Through machine learning, this study used the heat map of the distribution of the COVID-19 epidemic in Macau to derive the urban form, and the following conclusions can be drawn:

(1) Through CGAN, the distribution area of the COVID-19 epidemic can be used to deduce urban forms that may be high-risk and prone to epidemics. This method has potential applications and practical value in the field of future urban design. The relationship between the spatial form of urban risk-prone areas and the degree of epidemic distribution is predicted by the model, and urban design iteration is carried out, which also has certain universality and reference in other cities.

(2) From the results of model training and model application, it can be seen that, when the urban epidemic distribution heatmap was used as the input data for learning, the stability of the model learning results was poor, but the accuracy gradually improved. Under the consideration of saving machine load and learning time cost, the prediction accuracy of the model after 200 iterations of learning and training could basically meet the requirements of target prediction.

(3) From the comparison of the epidemic distribution heat map, the actual urban form area, and the derived urban form area, it can be seen that the combination of urban forms is related to the risk of epidemic occurrence. Larger buildings have a high degree of overlap with the distribution of COVID-19 epidemic hotspots. Areas with a high degree of road enclosure highly overlap with the distribution of COVID-19 epidemic hotspots. These two types of urban forms require special attention. Green public open spaces and squares have an inhibitory effect on the distribution of the COVID-19 epidemic. Reducing the building volume and density can not only increase the area of green public open space and squares, but also help reduce the distribution of the COVID-19 epidemic.
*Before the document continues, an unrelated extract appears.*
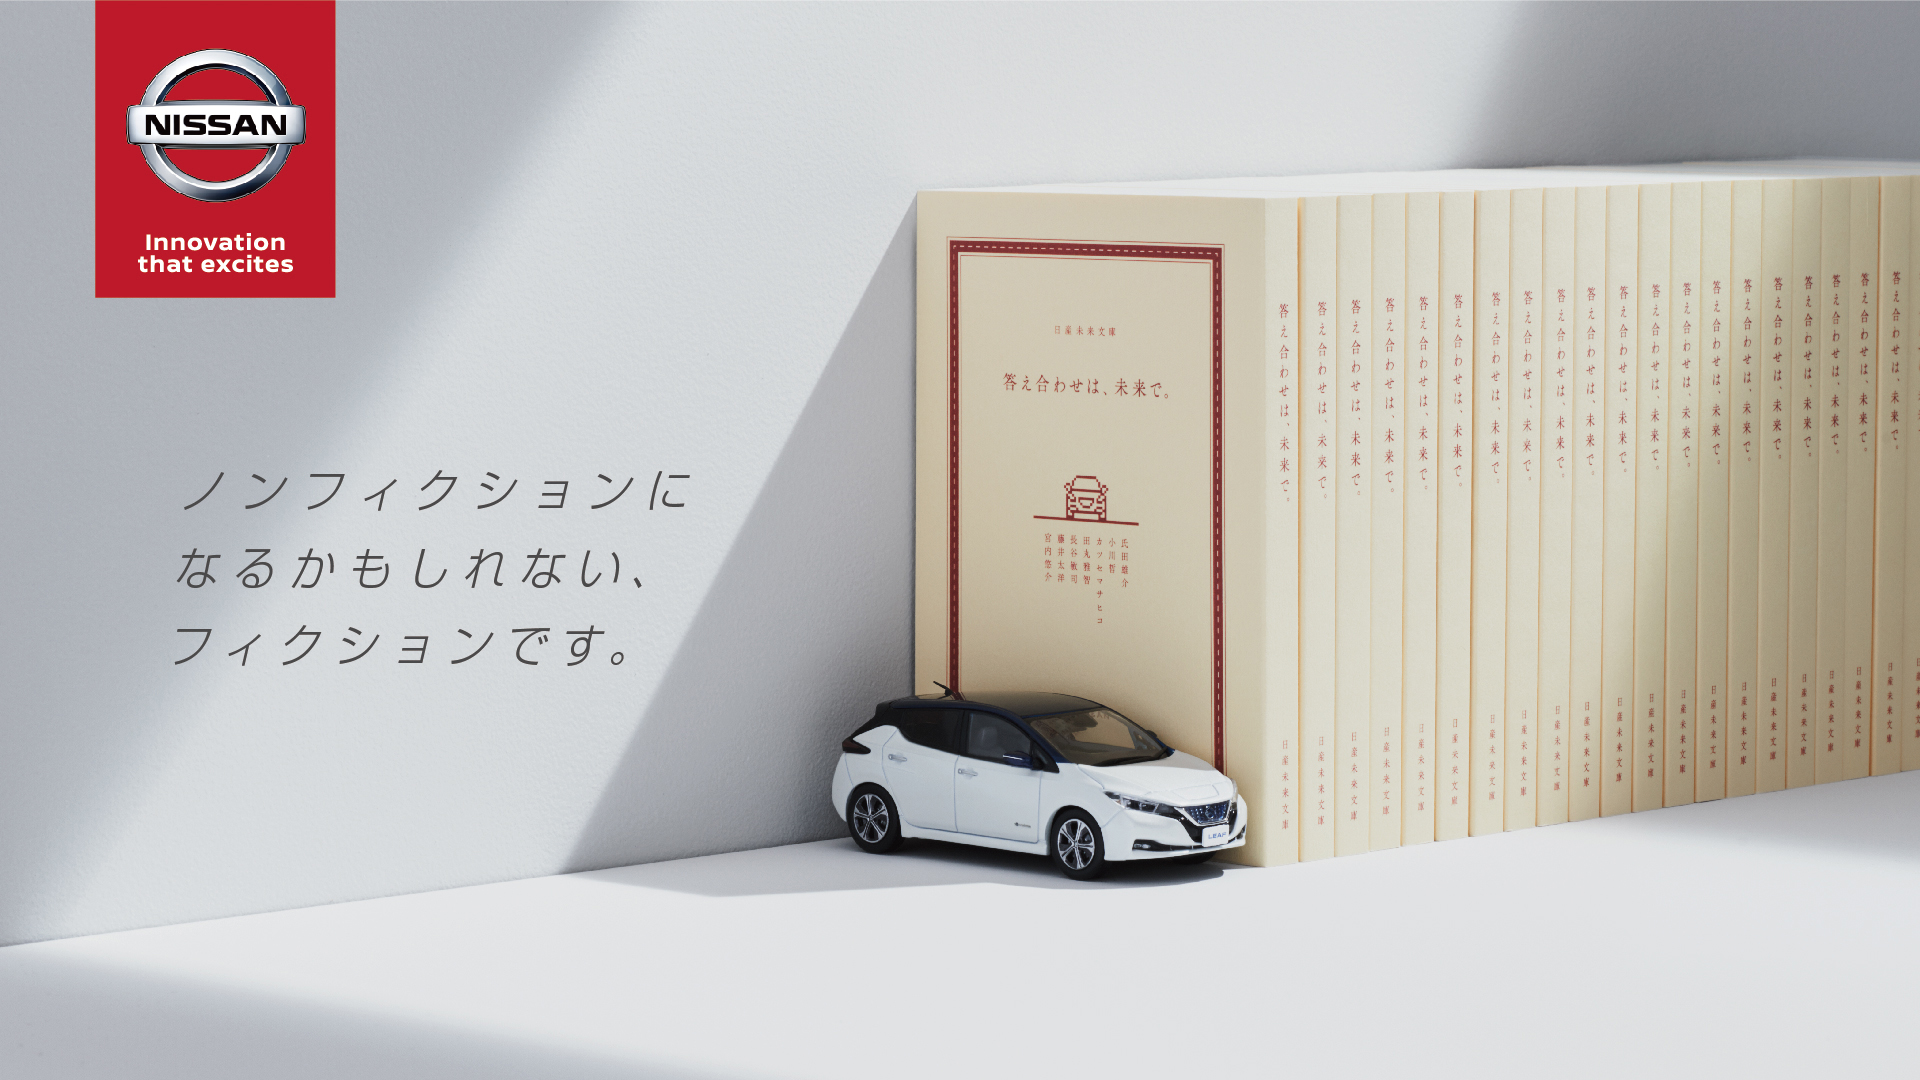 Sf作家たちの想像力を未来の自動運転社会のヒントに 日産自動車 初のsf小説を出版 日産自動車株式会社 日本マーケティング本部のプレスリリース

The spread of the COVID-19 outbreak has caused the public to rethink the issue of public health governance. At the same time, it also allows government departments, planners and architects, and experts and scholars to rethink the sustainable development of urban decision making. Needless to say, in addition to epidemic spread, policymakers and planners must consider many other factors when considering residential density, such as economic thresholds and dynamism, social mix and dynamism, urban sprawl, and per capita infrastructure costs. The impact of building density and urban form is part of the comprehensive consideration, which has significance for auxiliary decision making. The method of deriving urban form through machine learning can refer to design types that avoid high risks, which can be used as an important reference for urban planning and design in practical applications. In order to reduce the possibility of outbreaks of epidemic risk in urban space design, architects and researchers can make comparisons on the basis of the results derived from the distribution of epidemic hotspots, as well as adjust the design of urban textures, such as building density, roads, and green space layout.